No, I have not seen the size of 33KV insulator on the ground.

All I know is that APS, (Arizona Public Service), is hiring new journeyman Linemen for 35.49 per hour with awsome benifits.

I think perhaps the risk is worth it. Just don't know how to get in the door.

I was hoping that my apprenticeship would be honored with them. As I have now learned that the linesmen and electrician trades are very different.

I would still be willing to learn if they pay for my schooling.

#38540 05/28/04 03:55 AM
Joined: Jul 2002
Posts: 8,432
Likes: 3
If you want to head down the Linemans track, all power to you I say (no pun intended. [Linked Image]).
Having done a New Zealand Line Mechanics Apprenticeship after doing an Electrician's Apprenticeship, I would say that, you should be welcomed by a PoCo, or so forth, because you already have the basics of Electricity practice under your belt, in your area.
The great majority of Lines work is knowing how things are wired, within your area of work, with respect to the orientation of lines on poles and Transformer ratios.
Hey, all the best, I say!. [Linked Image]

#38541 05/31/04 05:53 AM
Joined: Jul 2002
Posts: 8,432
Likes: 3
People at ECN like Bjarney and myself can give you all the help you need, with respect to the cross-over to HV work, just tell us what you need to know?
That is not to disparage a good grounding in HV principles though, through practice!. [Linked Image]

#38542 06/16/04 10:45 PM
Joined: Jun 2004
Posts: 3
Junior Member
I just wanted to mention that a website was left out on the list above that caters to Linemen.

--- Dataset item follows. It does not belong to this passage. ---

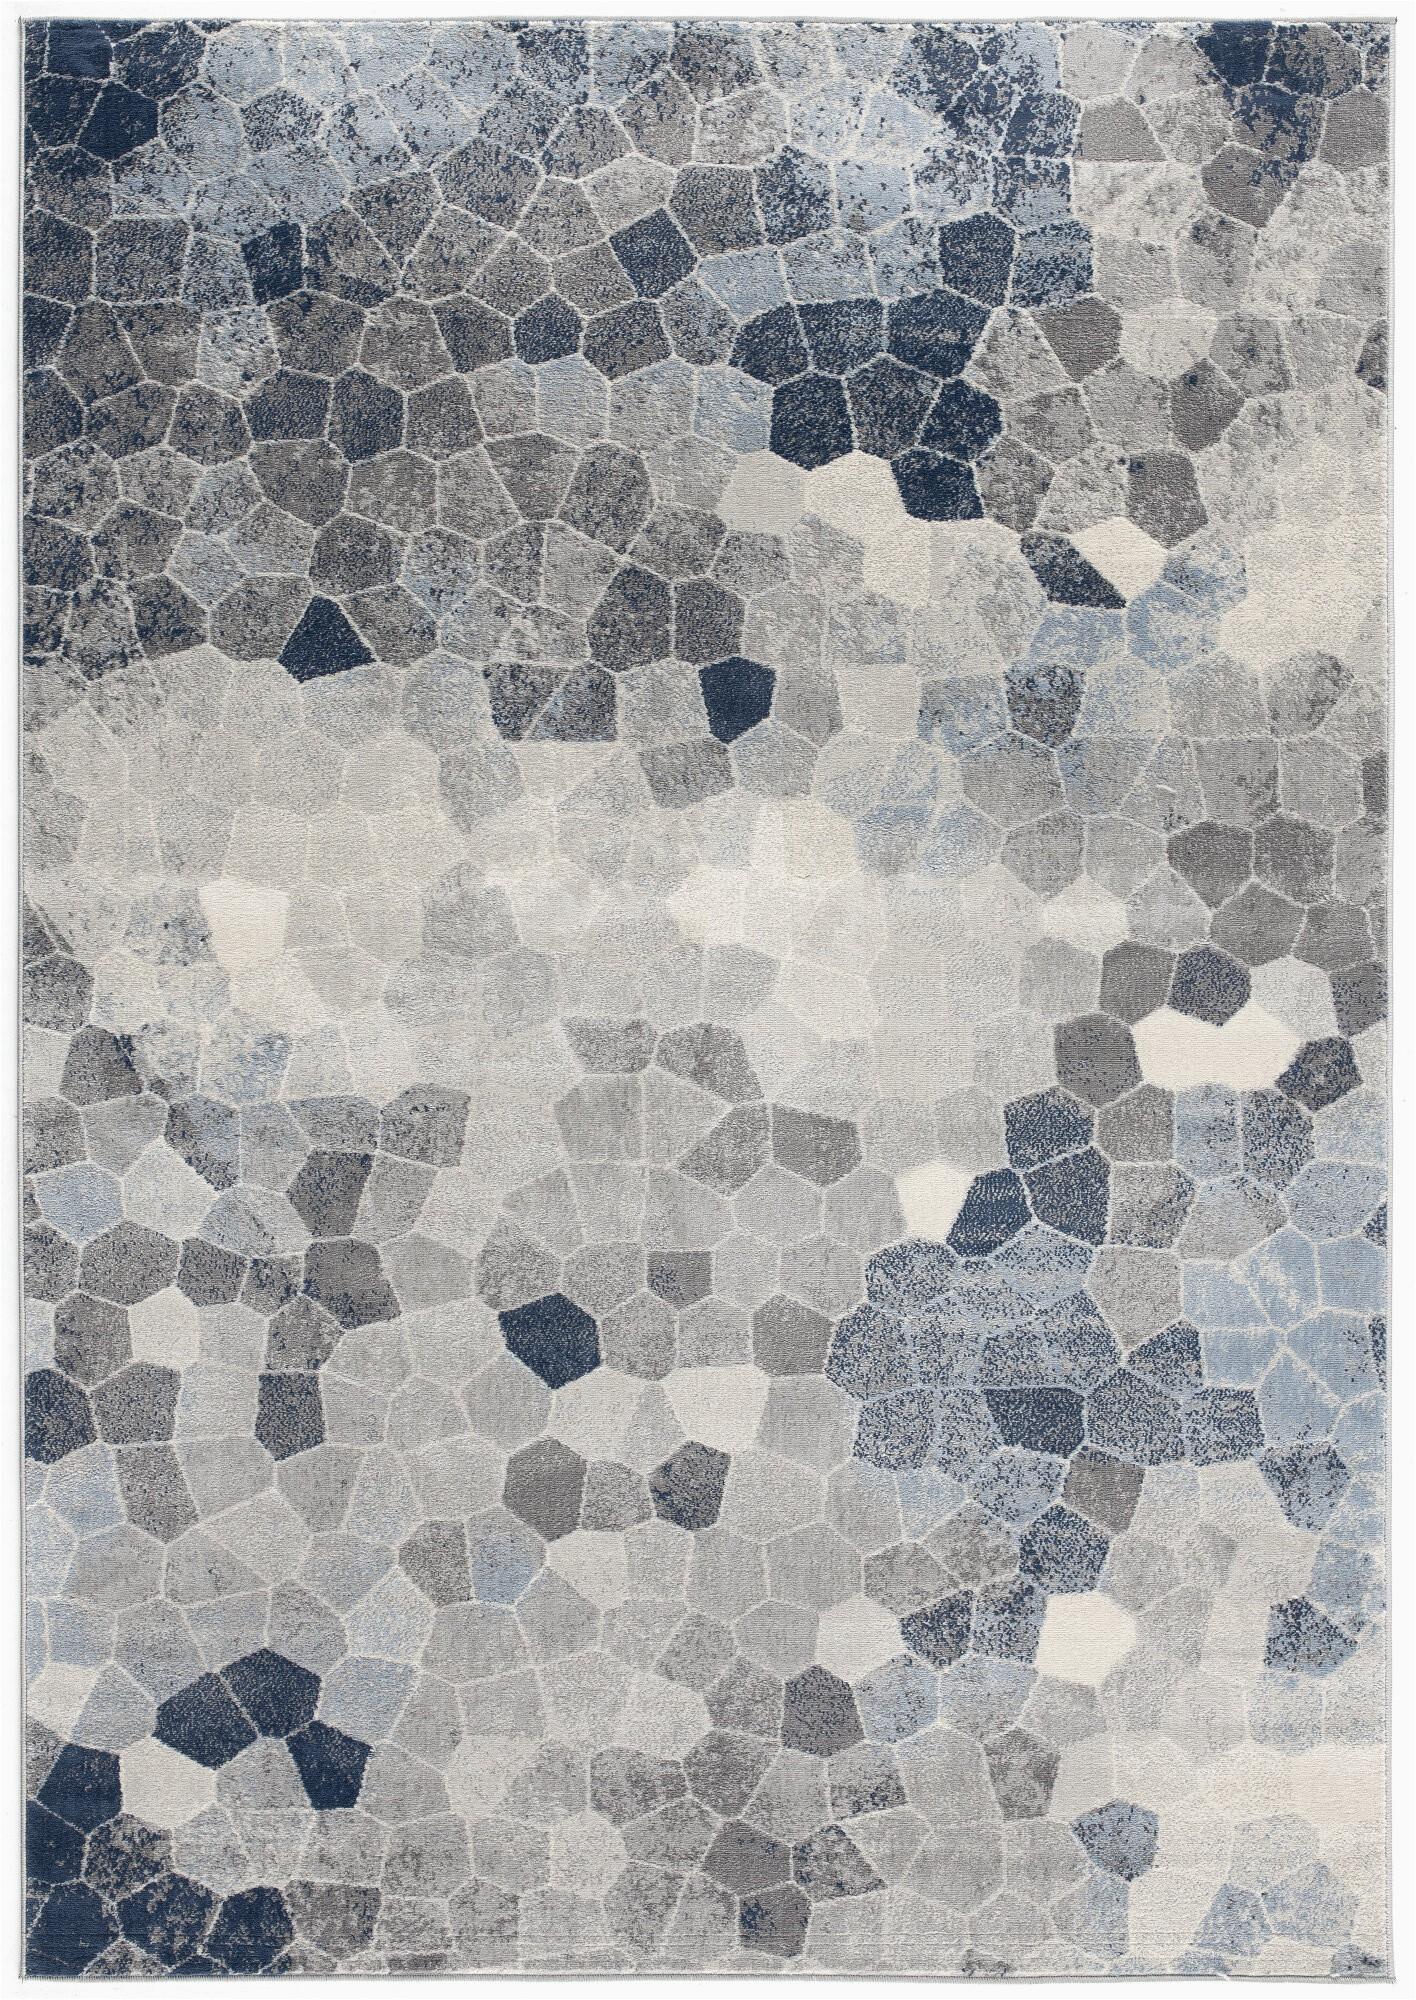 capodanno geometric navygray area rug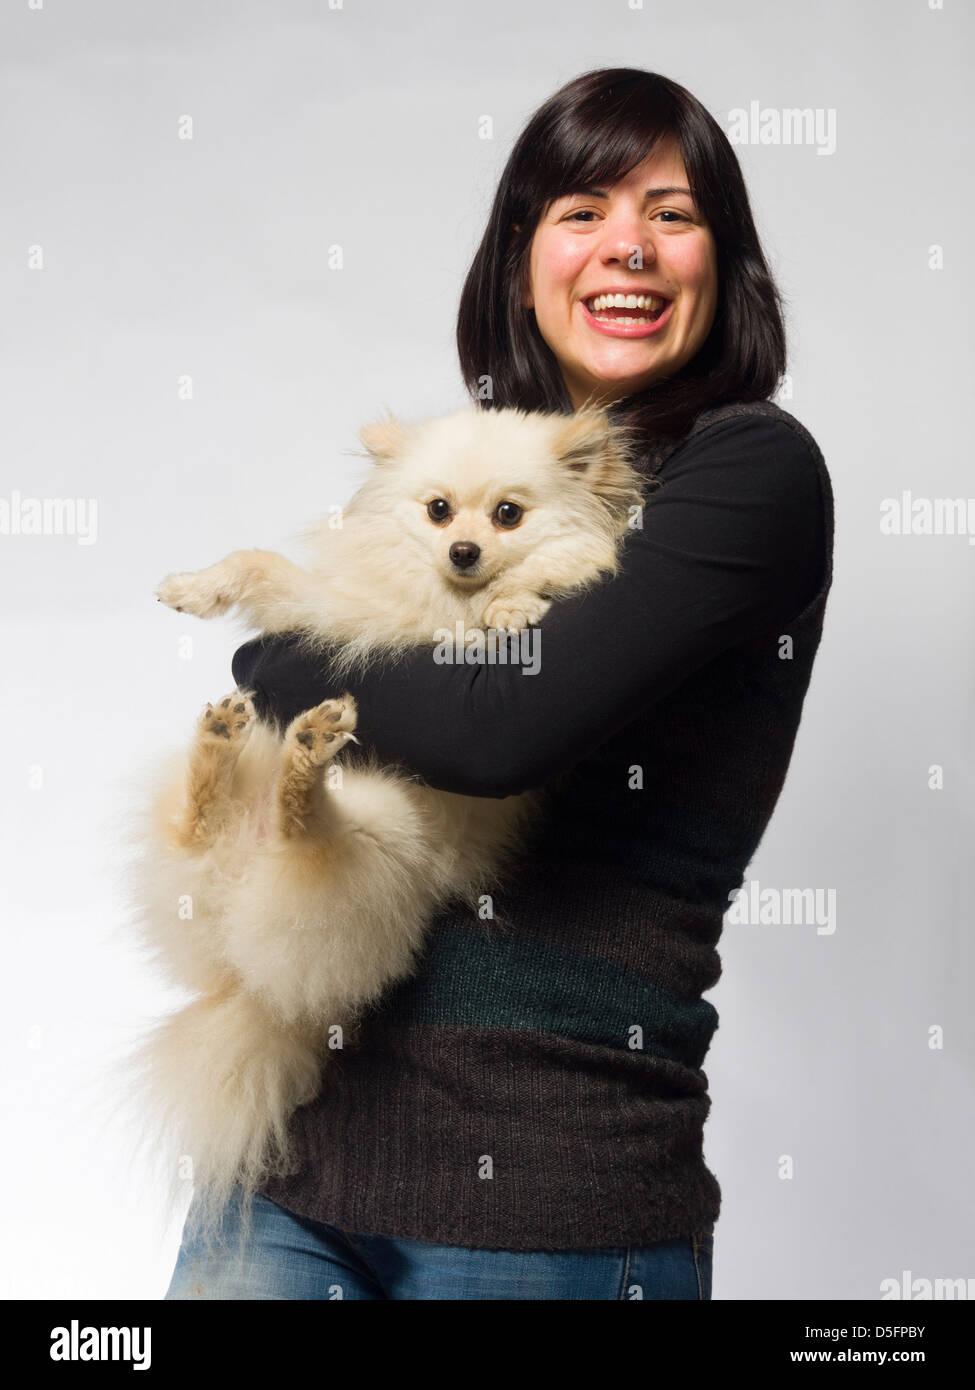 Woman Holding Small White Pomeranian Dog Stock Photo 55051247 Alamy

It's a little less than a year old now and focuses on Power, CATV, Telco and Fiber Workers.

Lots of good content and industry news.

[This message has been edited by Lunatic Lineman (edited 06-16-2004).]

#38543 06/17/04 05:34 AM
Joined: Jul 2002
Posts: 8,432
Likes: 3
End of the argument, I would say having done both Trades, in New Zealand here.
Is this, an Electricians ticket is a hard thing to get.
A Line Mechanics ticket is twice as hard to get, mainly because of the size of the wires and the equipment that you are working with.
You need large hands and fingers to be able to use the gear that us Lineys have to use.
Also if you are going to go into HV work, you can more or less put money on being called out during nasty weather, rain, snow and all the rest.
While everyone else is reasonably warm inside thier houses, you won't be!.